Here, we could visualize the correlation among different features using two ways: a correlation matrix and a correlation network. Specifically, only the selected features and features that have an absolute correlation coefficient greater than 0.7 to one of the selected features are visualized.
 
1. One way of (visually) assessing the correlation matrix is with a correlation heatmap. 

```{r correlation heatmap}
library(RColorBrewer)
corrMat <- cor(X, method = "spearman")

# heatmap for full correlation matrix
pheatmap(corrMat, cluster_rows = FALSE, cluster_cols = FALSE,        
         color = colorRampPalette(brewer.pal(n = 10, name = "RdBu"))(100)) # fix color scale to make interpretation easier

# keep only selected features and highly correlated features
colMax <- function(X) apply(X, 2, max)
corrMat <- corrMat[selected_features, ]
corrMat <- corrMat[, which(colMax(abs(corrMat)) < 1 & colMax(abs(corrMat)) > 0.7)]

# heatmap for reduced correlation matrix
pheatmap(corrMat, cluster_rows = FALSE, cluster_cols = FALSE,        
         color = colorRampPalette(brewer.pal(n = 10, name = "RdBu"))(100),
         breaks = seq(-1, 1, length = 100))

```
From this correlation heatmap, we could identify several groups of features with similar characteristics. For example, we see that ppd.G2S1 is negatively correlated with the ppd.IgG1:IgG2 ratio and ppd.IgG1, while CFP10/ESAT6.IgG1 is positively correlated with the ppd.IgG1:IgG2 ratio and ppd.IgG1. 

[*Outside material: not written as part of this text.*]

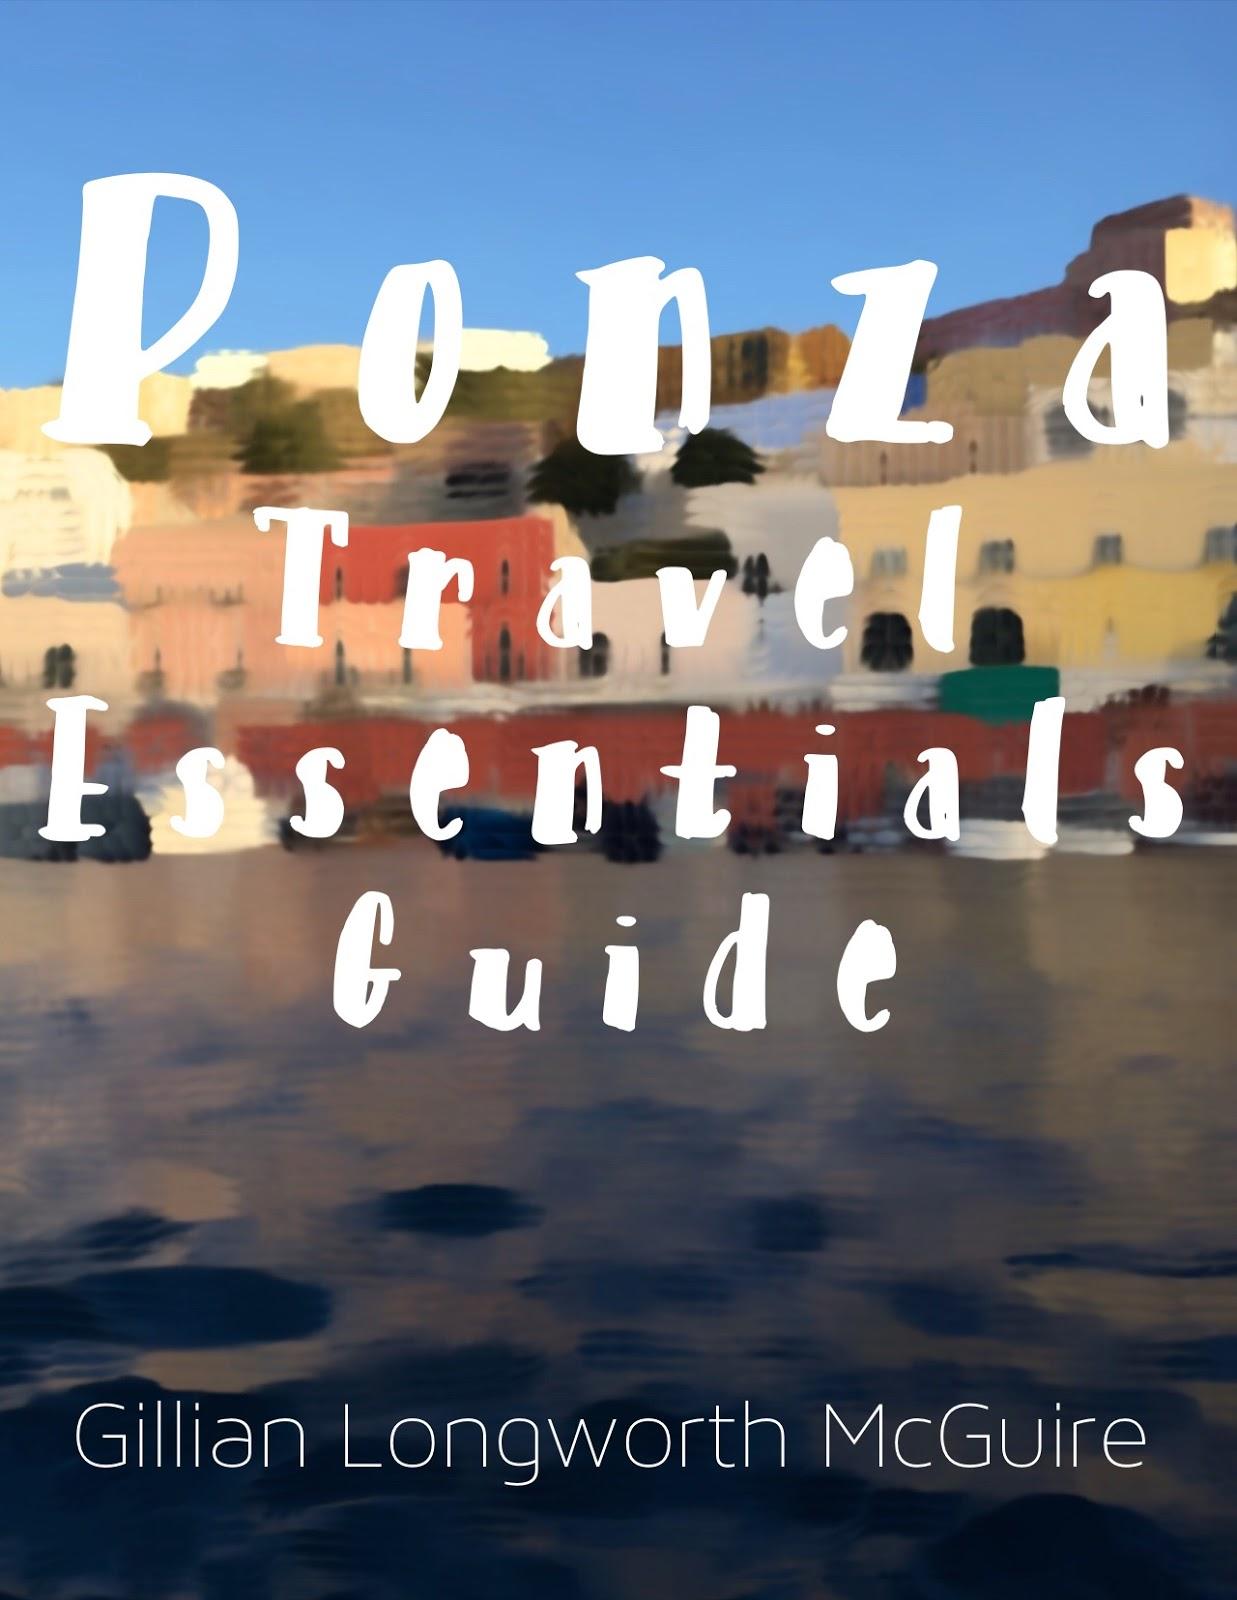 Ponza Guide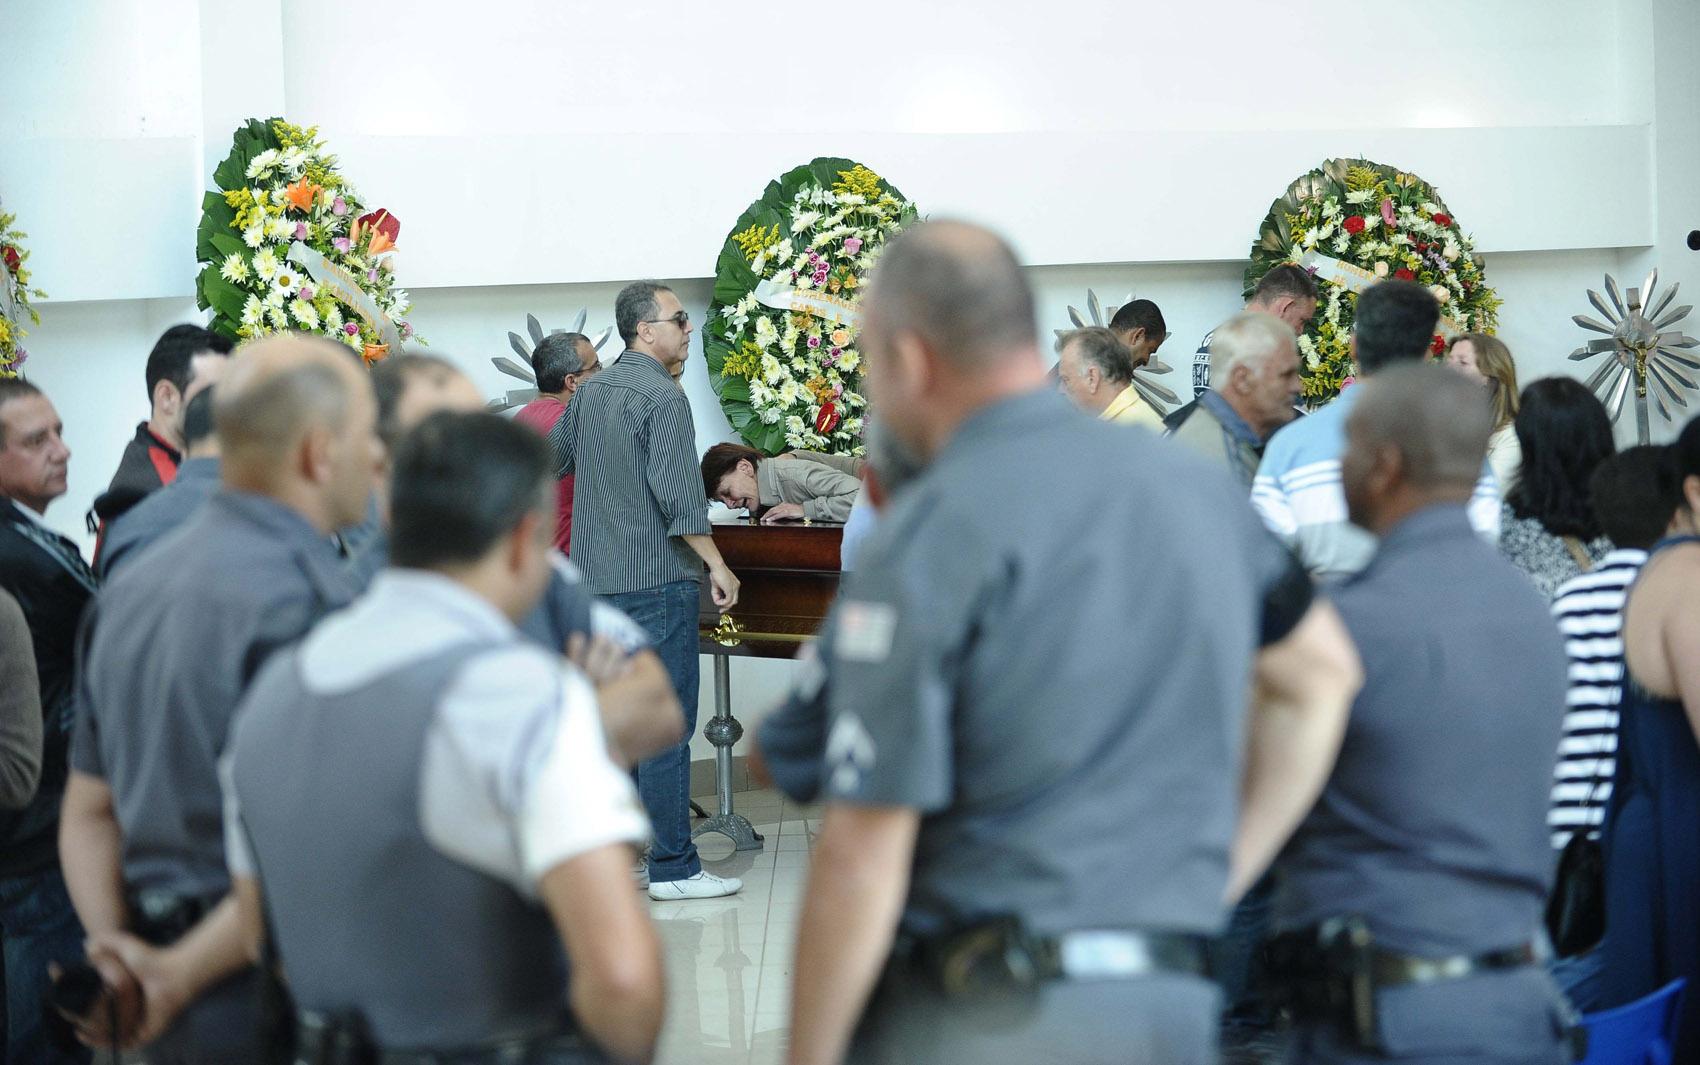 Movimentação no velório do casal de policiais militares e de seus familiares no Cemitério Gethsemani, em São Paulo, na tarde desta terça-feira (06)

2. Another way of assessing the co-correlates is in network form with nodes representing the features and edges representing the correlation coefficient. Networks can be plotted in R using 'ggraph'.
```{r cocorrelate network, fig.width = 10}
library(tidyverse)
library(corrr)
library(igraph)
library(ggraph)
library(ggrepel)
library(RColorBrewer)

# include meta data in analysis 
Xmeta <- data[,2:dim(data)[2]]

tidyCors <- Xmeta %>% 
  correlate(method = "spearman") %>% 
  stretch()

graphCors <- tidyCors %>% 
  filter(abs(r) > 0.6  & (is.element(x, selected_features) | is.element(y, selected_features))) %>% 
  graph_from_data_frame(directed = FALSE)

layout <- create_layout(graphCors, layout = 'igraph', algorithm = 'nicely')

pltGraph <- ggraph(layout) +
  geom_edge_link(aes(color = r), edge_width = 2) +
  guides(edge_alpha = "none", edge_width = "none") +
  scale_edge_colour_gradientn(limits = c(-1, 1), 
                              colors = colorRampPalette(brewer.pal(n = 10, name = "RdBu"))(100)) +
  geom_node_point(shape = 21, color = "gray", fill = "white", size = 8, stroke = 0.5) +
  geom_node_text(aes(label = name), size = 3, point.padding = NA, box.padding = 0, force = 0.1, repel = T) +
  theme(aspect.ratio = 1) +
  theme_graph(background = "white") 
plt <- plot(pltGraph)
```
Until now, we have covered the whole analysis pipeline including data inspection, feature reduction (feature extraction/PCA, feature selection/LASSO) and supervised PLS-DA modeling with feature importance interpretation/correlation validation on our demonstrated dataset. 

Keep in mind that besides the above described analysis steps, data collection and pre-processing including balancing strategies for confounding factors, data imputation and model validation are equally important to make you success, even though these steps are not covered in this tutorial.

Enjoy your analysis trip and good luck on your own project!